We run our added function and look for the flag in the results.

dumping
encrypted: 598049294de2a82413696291130af797a10174c62b4a2d1a76c9cc3e7340e03904f5c01d
decrypted: salsa 35C3_DJ_B3RNSTE1N_IN_TH3_H0USE
encrypted: ed0d65db765c7d5fd685274b036790006f
decrypted: tango Marty McFly
encrypted: 66e207d422f271ad0364815cc7fca9a6e40baa
decrypted: chacha Tony Holiday
encrypted: f3e5b924e199917456c243
decrypted: salsa dlabi

Conclusion

We all know it, but its worth repeating: don’t make up your own crypto if you don’t know exactly what you’re doing.
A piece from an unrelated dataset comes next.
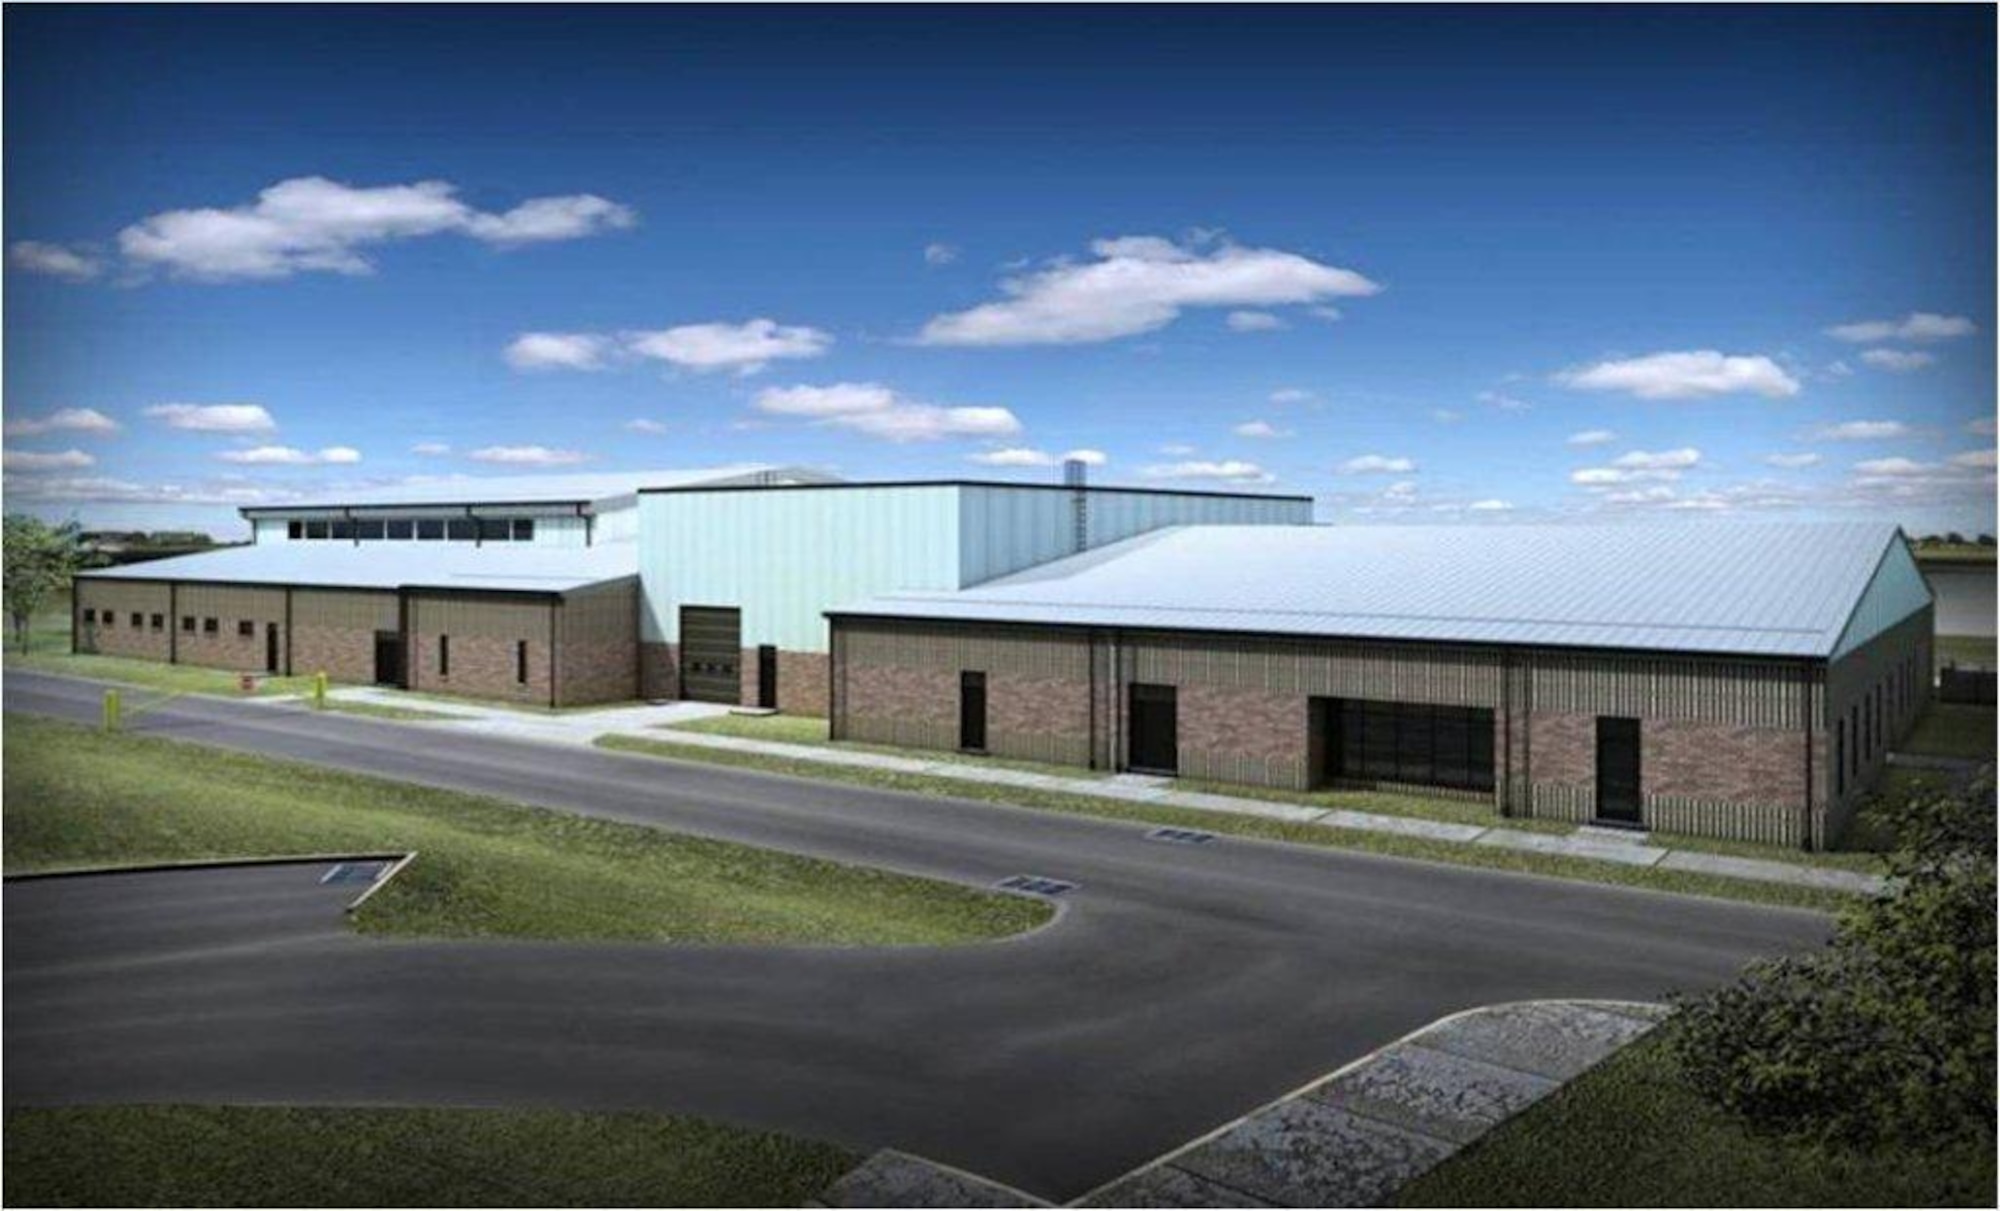 An artist’s rendering from the contracted architect, Benham Companies LLC, shows the Centralized Intermediate Repair Facility at the Bradley Air National Guard Base after upgrades and additional construction is completed.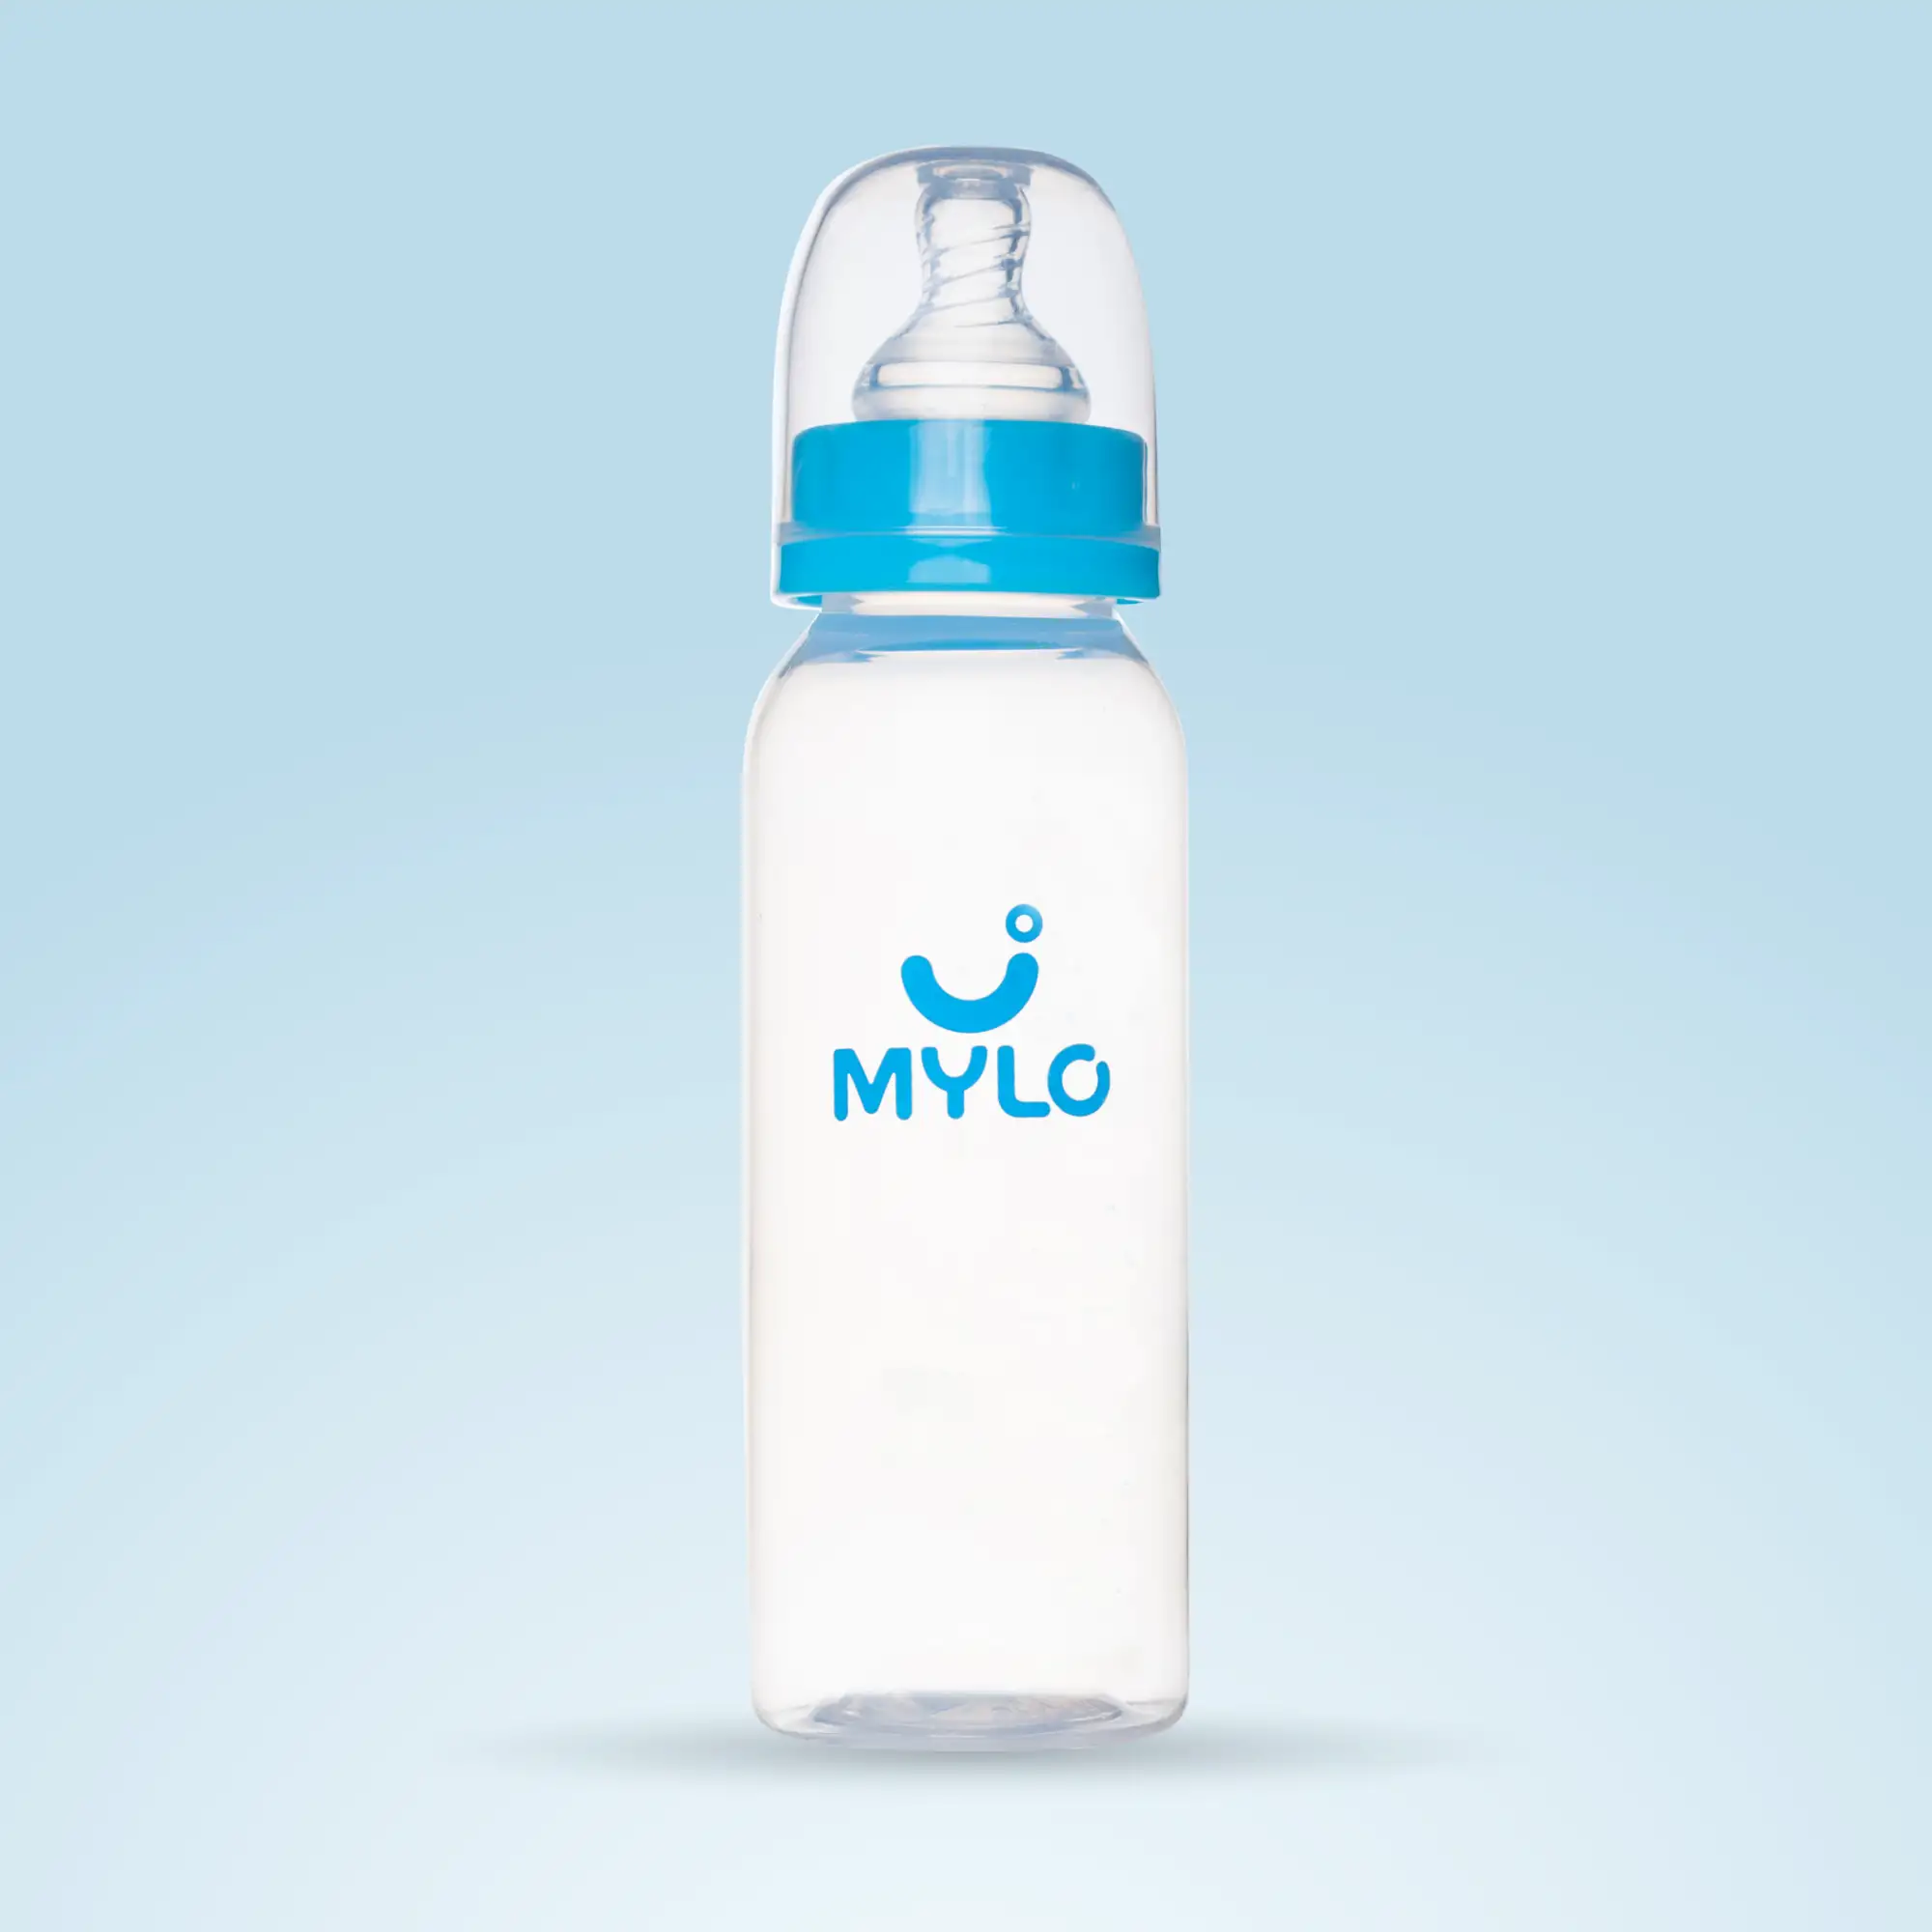 2-in-1 Baby Feeding Bottle | BPA Free with Anti-Colic Nipple & Spoon | Feels Natural Baby Bottle | Easy Flow Neck Design - Blue 250ml

Just use an existing audited 3rd party library.

The known key, lack of padding and availability of all messages are all bad.. but they didn’t fundamentally break this cipher.
It was the self made up block cipher part of this implementation that used reversible methods to generate the keystream that made it useless.

An other lesson was that Go seems simple enough, I should make something in it sometime for fun.